One-pass vs. Two-Pass in Streaming XML from Meiko Jensen on 2010-08-18 (public-xmlsec@w3.org from August 2010)

From: Meiko Jensen <Meiko.Jensen@rub.de>
Date: 18 Aug 2010 13:42:50 +0200
To: "'XMLSec WG Public List'" <public-xmlsec@w3.org>
Message-ID: <4C6BC73A.1000007@rub.de>
Completing my ACTION-628 , here comes the promised example on when
one-pass streaming is superior to two-pass streaming. Note that the
example is not based on a real scenario, but me and my colleagues found
it being rather realistic.

Imagine a hospital that uses electronic patient records, which are
stored in XML, and must be digitally signed on every change by the
responsible doctor (due to non-repudiation issues).
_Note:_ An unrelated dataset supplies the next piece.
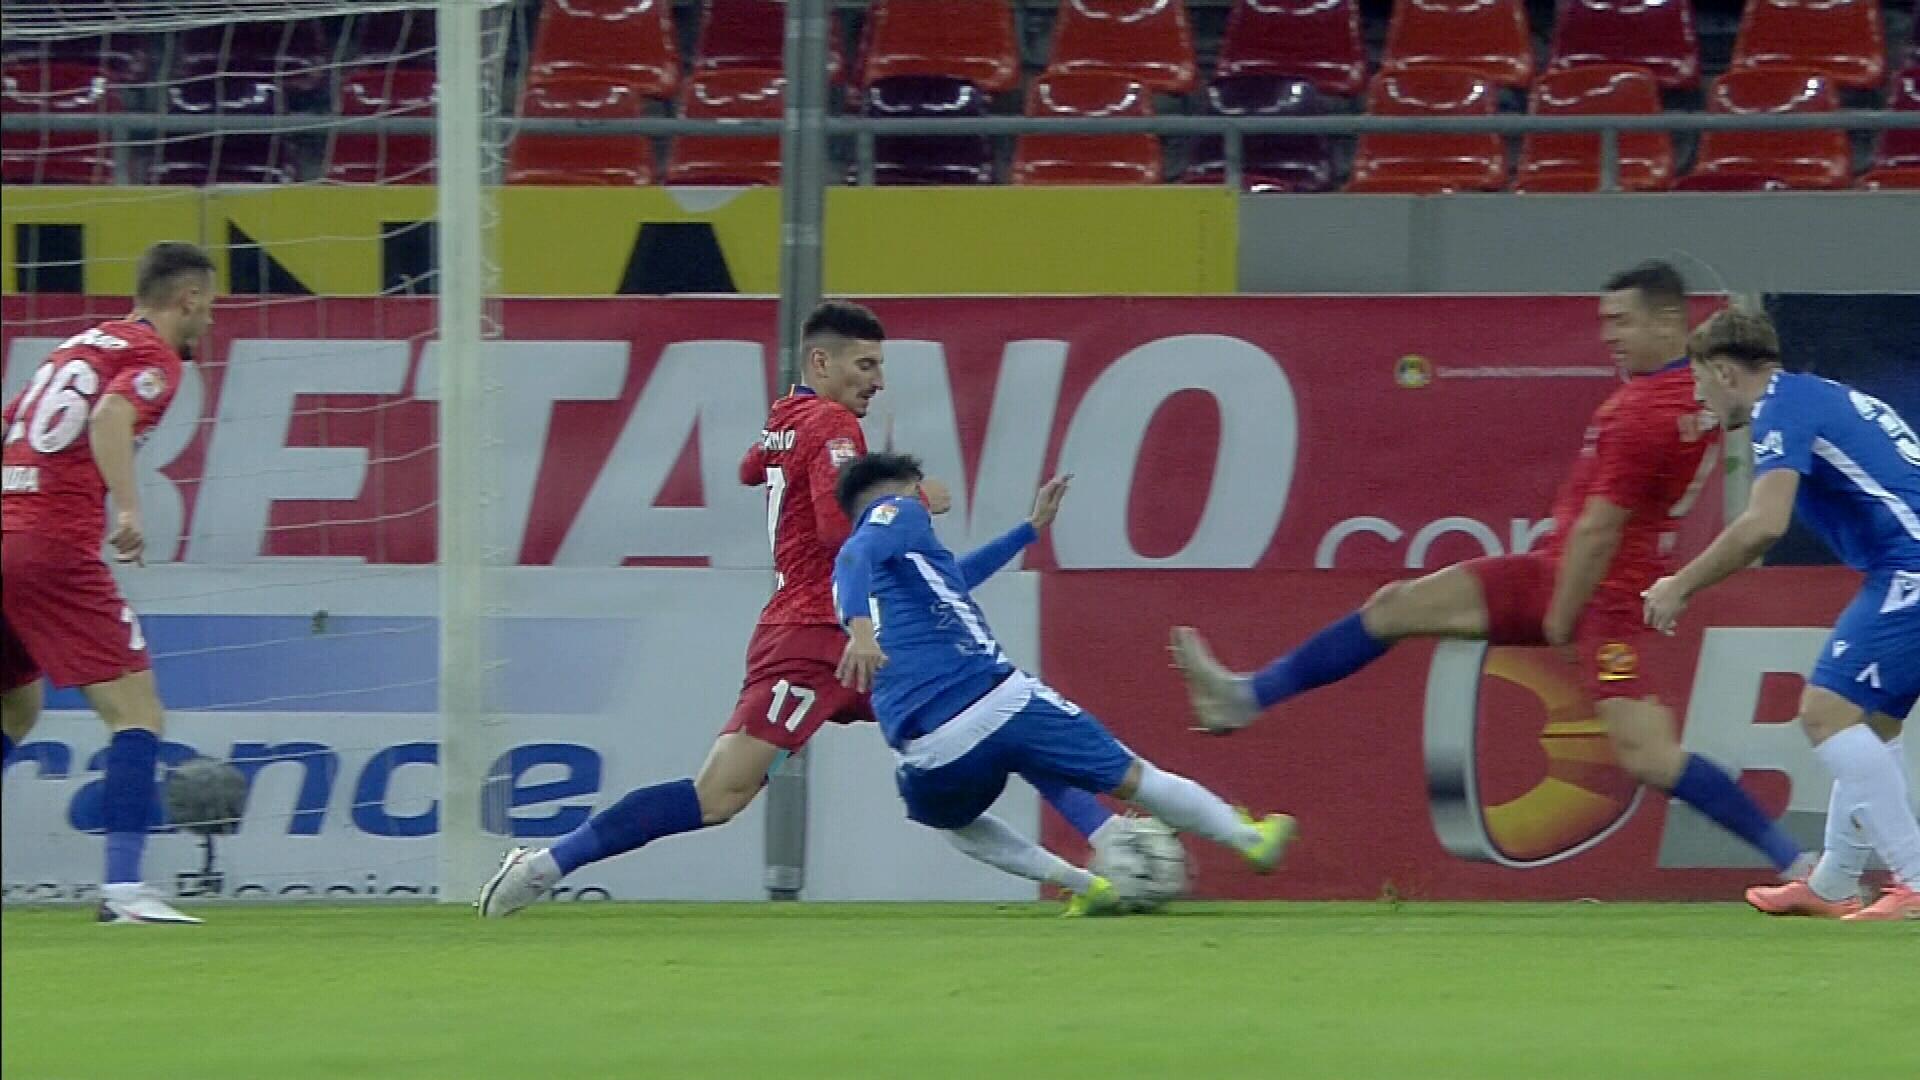 FCSB - FC Voluntari 0-0, ACUM, Digi Sport 1. Ilfovenii au prima ocazie și cer penalty

To keep the overhead
small, the system developer decided to sign the whole document with the
key of the editing doctor, using an enveloping XML Signature (or a
detached signature that is located before the medical data in document
order). Patient records contain everything of relevance to the health of
the patient, including diagnosis, x-ray images, medication details,
insurance data and so on.

Now imagine a nurse that has to decide which medication a patient should
get. Therefor she has to 1) get the patient's record from some dedicated
document server, 2) extract the (rather small) medication data, and 3)
verify that it was signed properly, to ensure legitimation by the
doctor. Since she uses a small mobile device with little RAM and slow
CPU, resource efficiency matters. Especially, the device is not capable
of keeping the full patient's record in memory (due to a set of huge
x-ray images).

In such a scenario, one-pass streaming is superior to two-pass
streaming. The application within the nurse's device can read the full
patient record chunk-wise from the network, calculate the digests,
verify the signature, and extract the (few) data given on medication for
display purposes. Note that the application is written so that it caches
the extracted lines on medication (less critical operation, see below),
but will display that information (critical operation) only after
signature verification succeeds. It is not necessary at any time to
store the full medical data at the nurse's device at any time, since it
reads data chunks via network, processes them, and drops them
immediately. Nevertheless, the intended operation can be performed
successfully, using O(medication data) instead of O(patient record) in
terms of memory.

To discuss some obvious weaknesses of this example, here are some
additional arguments:

Two-pass would, of course, also be an option to implement this scenario,
but would require to transfer the patient record data to the nurse's
device twice, doubling the network traffic.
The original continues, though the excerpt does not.